The 80's was a decade when many young people were asserting their independence. Madonna was singing "Papa Don't Preach"; Lisa Bonet was starring in X-rated films; and River Phoenix was addicted to drugs.
If I were to step back in time and summarize my life and the lives of many girls at the age of 14 in three words, they would be: Mediocrity, Zealousness and Confusion.
It's like that sappy Britney Spears song states, at 14 you're "Not A Girl, Not Yet A Woman" and what do you want to do in the meantime? Everything you shouldn't until you're older! Drink, have sex, stay out late and cuss your brains out; that's what it's all about when you're in the 8th and 9th grade. And that's what it's all about for Lisa.
Lisa (Staci Keanan) is a pretty-private school-princess raised by her single parent Katherine (Cheryl Ladd). Katherine is no more over-protective than the average parent, but of course it seems that way to young Lisa. Like most mother-daughter relationships, Mom makes the rules and Lisa tries to find a way around them.
In many ways, Lisa is a typical 80's teen. She's in love with George Michael, she's always on the phone with her best friend Wendy (Tanya Fenmore) and she keeps a hoard of secrets from her mother, which could cost her her life.
A psychotic but handsome serial killer named Richard (D.W. Moffett), or "Rick" as Lisa calls him, has been out on the prowl in Lisa's neighborhood and has earned the title "Candlelight Killer" because of the pseudo-romantic atmosphere he sets before he rapes and murders his victims.
Although insane, Richard isn't initially interested in little girls. But Lisa is interested in older men. After literally running into Richard on the way home from the liquor store, Lisa falls quickly into puppy-love. Many anonymous crank calls from Lisa to Richard ensue and as Lisa falls deeper and deeper into "Like", Richard falls deeper and deeper into "Obsession", until it seems that this is one secret that Lisa will not be able to keep from her mother.

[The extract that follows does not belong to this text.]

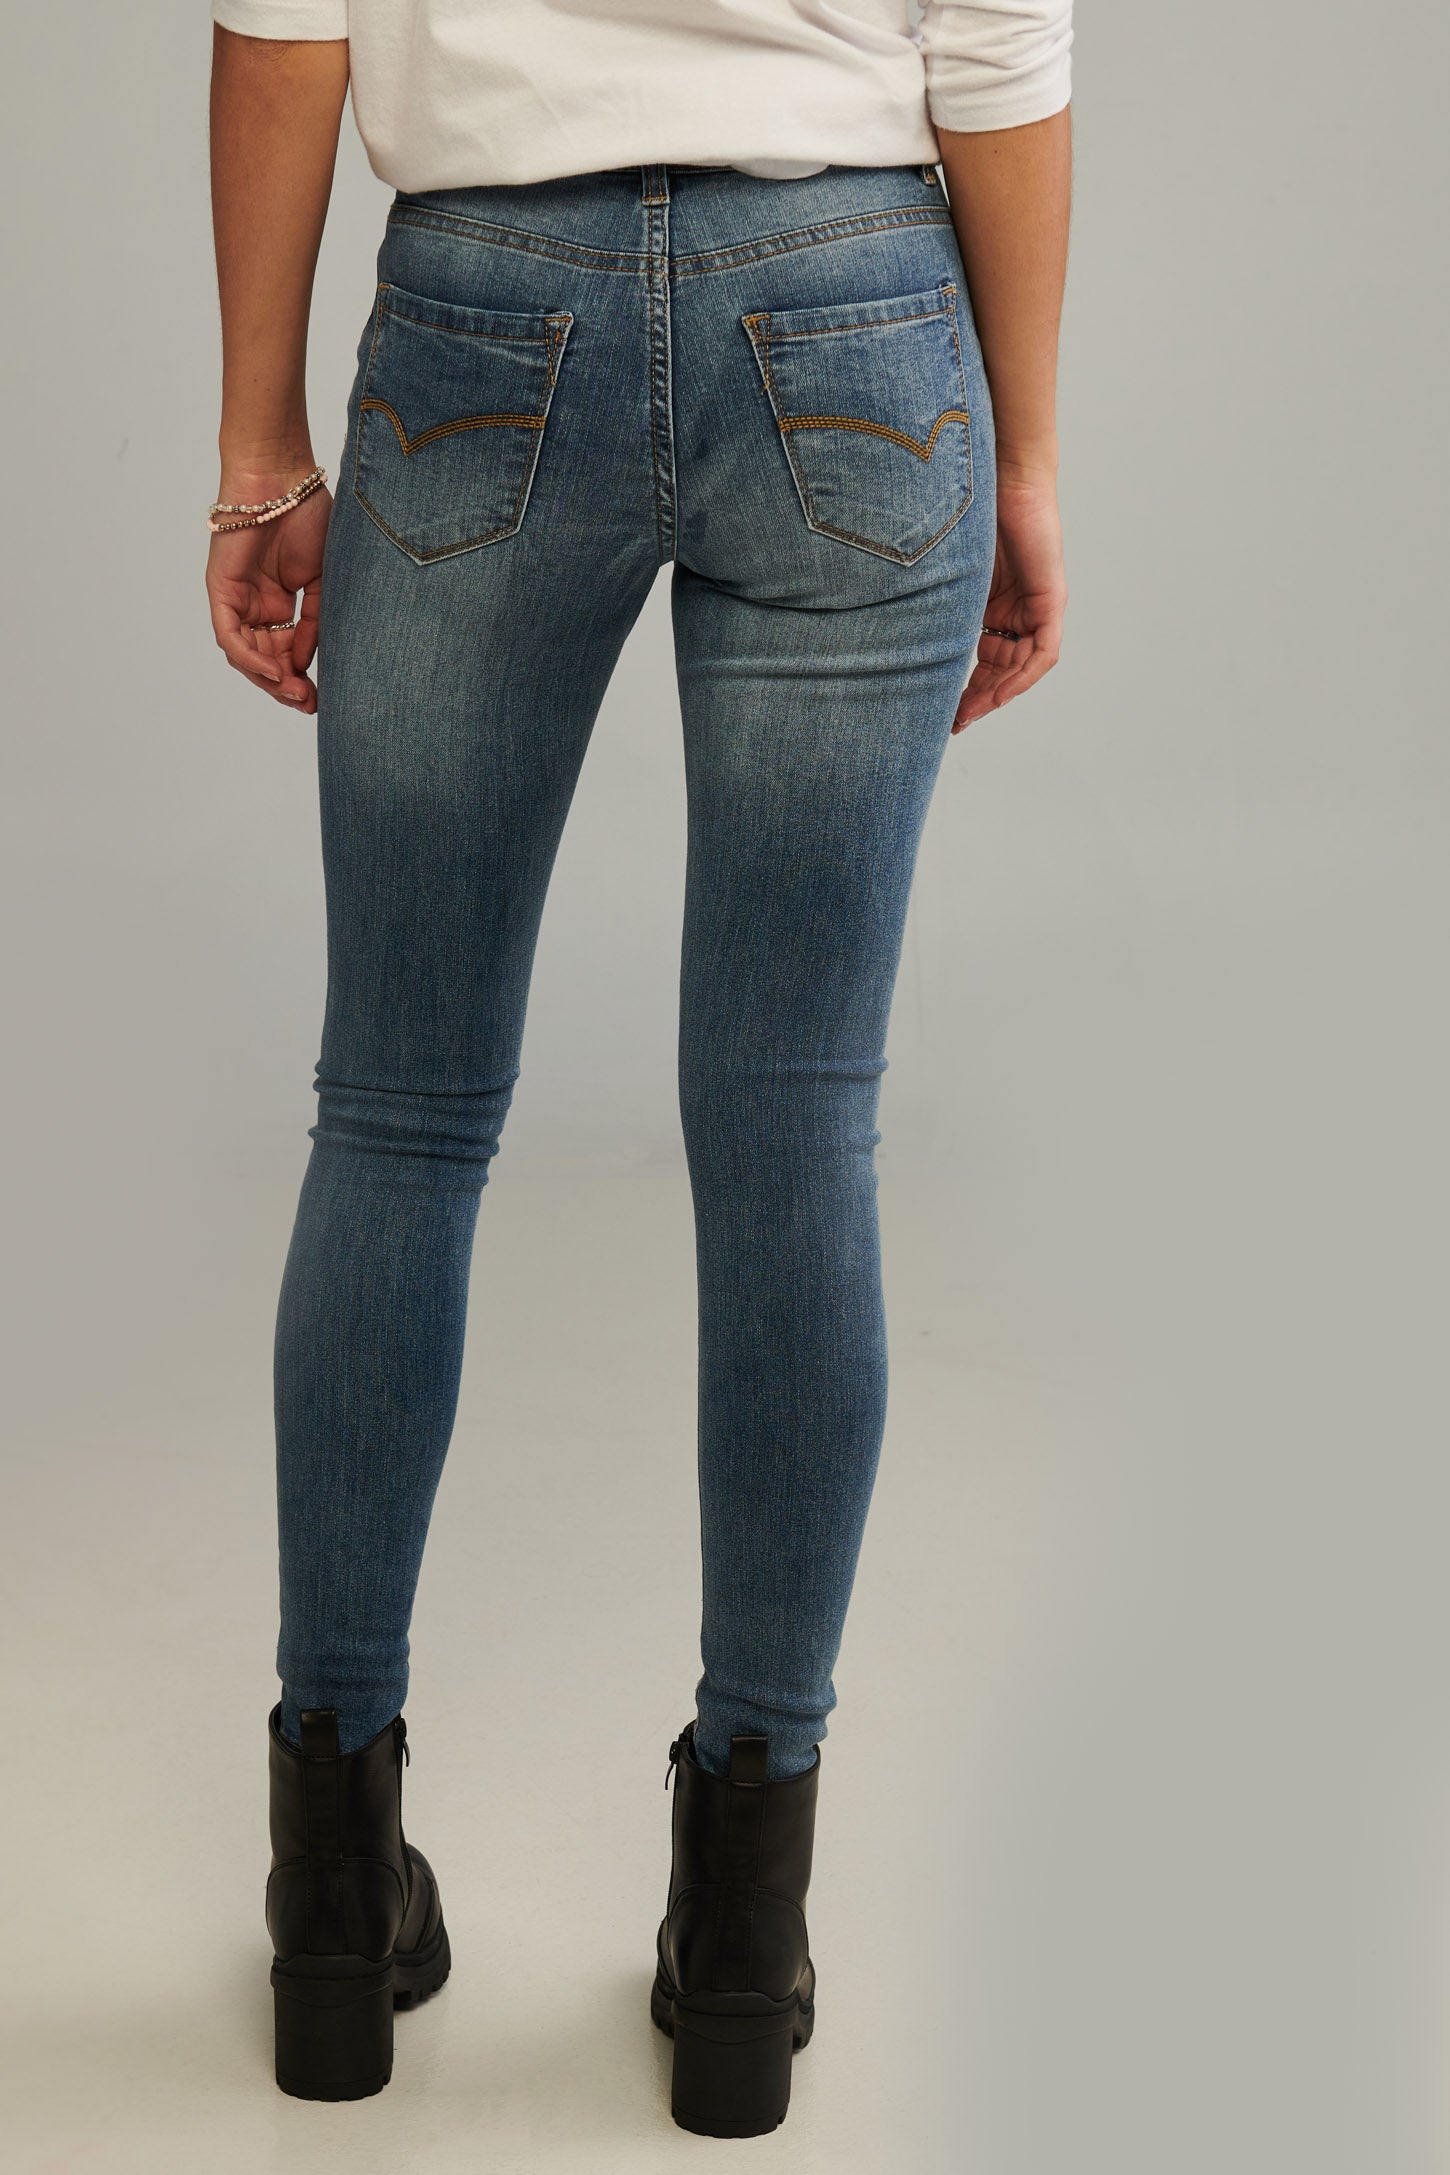 Jeans taille régulière, coupe ajustée - Femme && DENIM MOYEN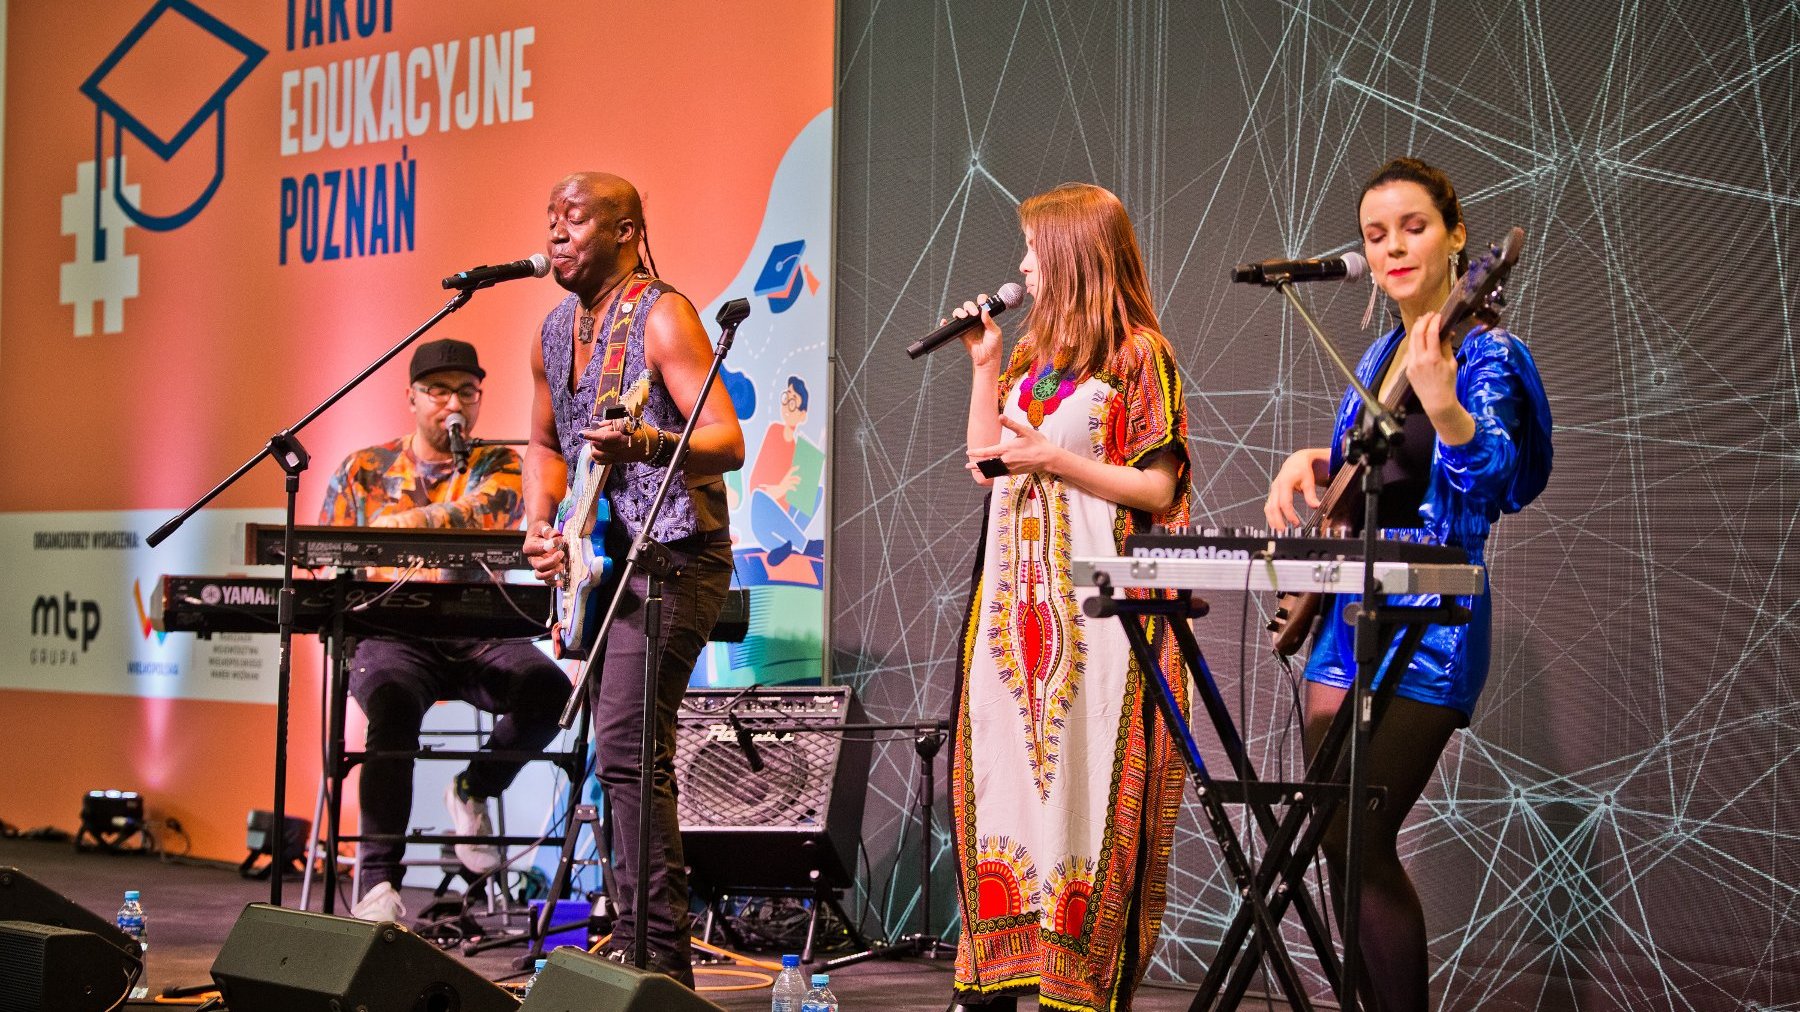 Zdjęcie przedstawia muzyków z instrumentami na scenie - dwie kobiety i dwóch mężczyzn.

"Lisa" is a very simple yet relatable movie. As a young girl, I was mesmerized by this film because it had that oh-so junior high rebellion that every girl goes through at that age. However, this film also demonstrates what can happen when a girl goes looking for trouble, even if she thinks nothing bad is going to happen in the end. Being careless with your affections can lead to grave danger, even in the seemingly pure 80's.